Spatial and temporal niche characterization
The forest ground is characterized by exfoliated volcanic rocks (0 to 45 cm high) and rock outcrops. With geophysical imaging (GPR), we visualized differential species-specific vertical root placement in the soil surface, regolith, and rock fractures (Fig. 2). For oak, the finest detectable roots (diameter < 3 cm) occurred preferentially in soil pockets and rock fractures at depths > 25 cm, whereas the thicker roots (5 to 7 cm) were located at the soil surface (differences in vertical root distribution, P < 0.001 , Figs. 2b; 3d, f). Pine in contrast, concentrated its finest roots (< 3cm) near the soil surface (top 10 cm, P <0.001; Figs. 2a; 3a), however the thicker roots were observed in the regolith between 20 – 30 cm depth (P <0.001; Figs. 2a; 3c).
We confirmed that oak and pine trees used different water sources throughout the year by comparing monthly stable isotope ratios of xylem water with soil and rainwater; these data provide direct evidence for spatial and temporal niche occupation by the two species. When combining geophysical methods with stable isotope ratio information of water from different soil/rock substrates and xylem of trees, we discovered that trees of both species occupied between one to four spatial niches (Table 1, Fig. 4) distributed in three geologically distinct substrates (Fig. S2). In the regolith layer, in several periods two separate pools of water were apparent, one in the upper regolith at the interface with the shallow soil and the other in the lower regolith within rock pockets at its deeper distribution (Figs. 2, 4).
When considering the soil/rock strata and the wetting/drying cycles in the course of three years, as well as specific tree functional traits employed, we identified nine niche configurations together forming a complex nichescape.
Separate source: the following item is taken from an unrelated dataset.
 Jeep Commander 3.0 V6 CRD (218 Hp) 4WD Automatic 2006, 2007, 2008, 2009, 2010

With nichescape we refer to the set of traits employed by plants to garner water, that is spatially and temporally distributed in the soil-rock continuum (Table 1, Fig. 4).Single-niche-sharing only occurred during the rainy season of September 2012, when oak and pine satisfied all their water needs from surface soil (Table 1(A), Figs. 4a and S3.1 i).Double niche sharing occurred in the wet season 2013, when oak and pine roots acquired water from both the surface soil and the upper regolith (Table 1(D), Figs. 4d, S3.2 f-i), however the two tree species exploited differential proportions from each niche. While pine got most of the water from the surface soil (90%), oak acquired most from the upper regolith (85%). Another case, yet ofindirect double niche sharing occurred in the dry season (depletion period 2012-2013, Table 1(C), Figs. 4c, S3.1 d, S3.2 c), when oak in both stands acquired most water (92%) from rock fractures and a small portion (8%) from the surface soil/upper regolith. In contrast, pine (in mixed stands) took up water from surface soil/upper regolith plus water originating from rock fractures, which had previously been hydraulically lifted by oak roots from the rock fracture to the surface soil, where pine could access it (xylem water δD = -38.6‰).
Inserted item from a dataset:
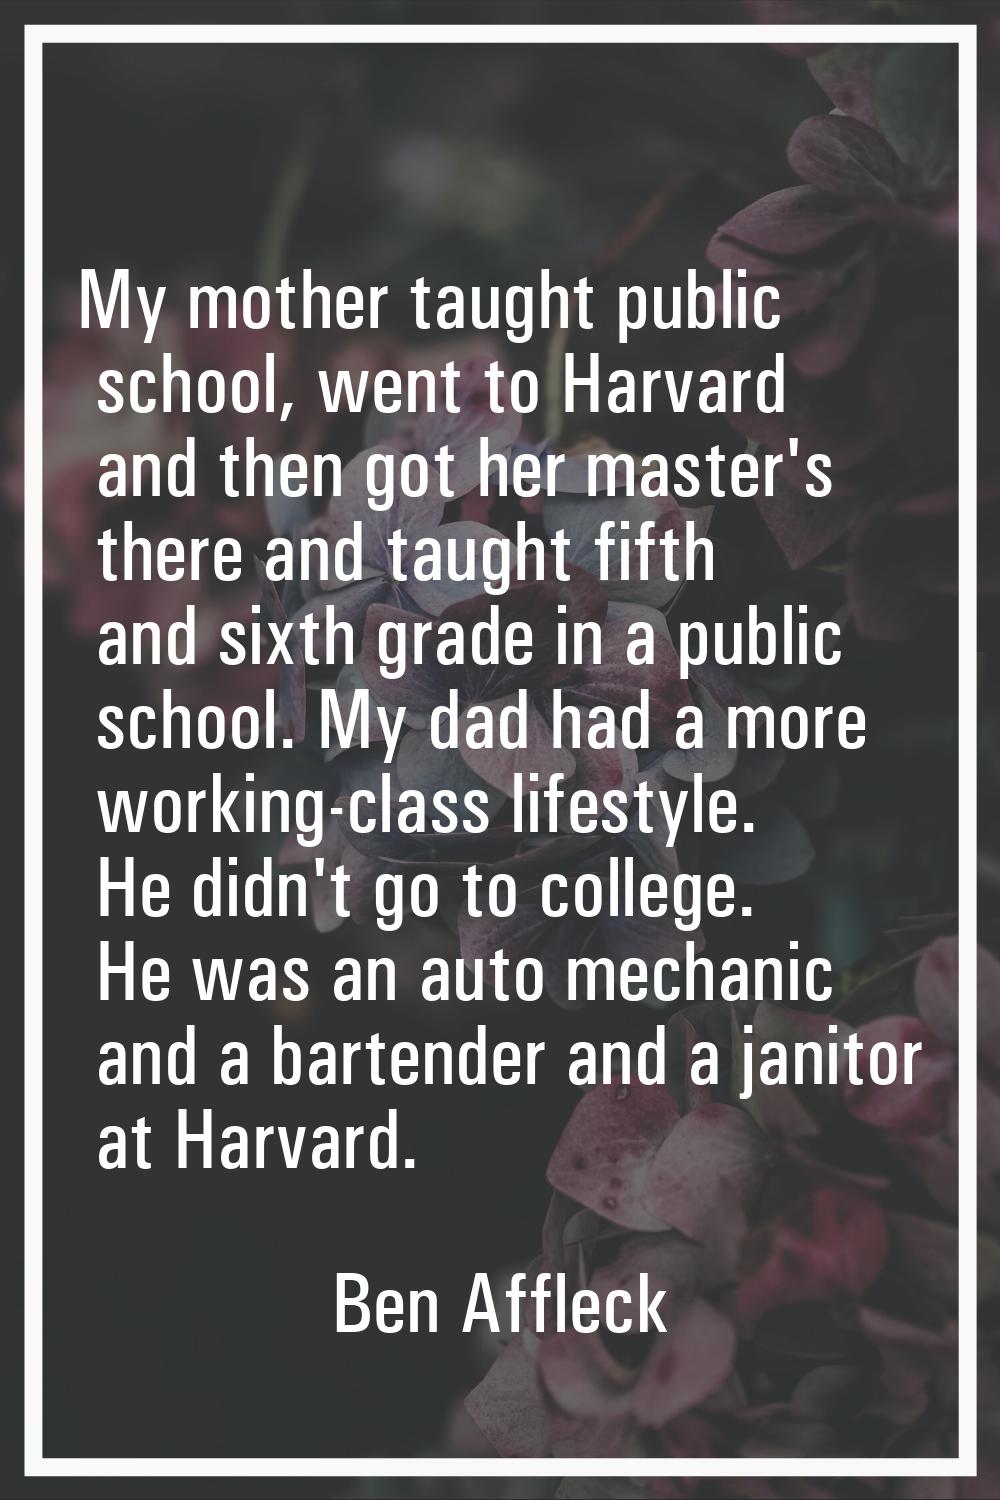 My mother taught public school, went to Harvard and then got her master's there and taught fifth an

Oak and pine exhibit remarkable differences in wood and root anatomy. While in pine roots, a parenchyma is surrounding the tracheids, in oak roots this tissue is lacking (Figs. S6g, S4). Oak trunks show a particular structural anatomy of specialized tissue formed by fiber tracheids connecting vessel tissue (Cai, Li, Zhang, Zhang, & Tyree, 2014) (conductive structures, Fig. S6b, d), which serves for water storage (Fig. S6c). Besides, oak has a considerable number of vessels adapted to xeric conditions, i.e., it has mixture of vessels with different diameters. The placements of oak’s finest roots in rock fractures suggests specific adaptations in functional anatomy (Rodríguez-Robles et al., 2017) (Fig. 3f). These roots exhibit a triple layer of epidermal tissue and contain calcium oxalate crystals (druzes), and under extremely dry conditions, oak vessel diameter of roots decreases through the formation of tyloses (Gottwald, 1972) (Fig. S5d). Deep oak roots exhibited 83% more vessels with tyloses and 60% more druzes than surface roots (Fig. S5). Pine roots did not exhibit these kinds of anatomical adaptations.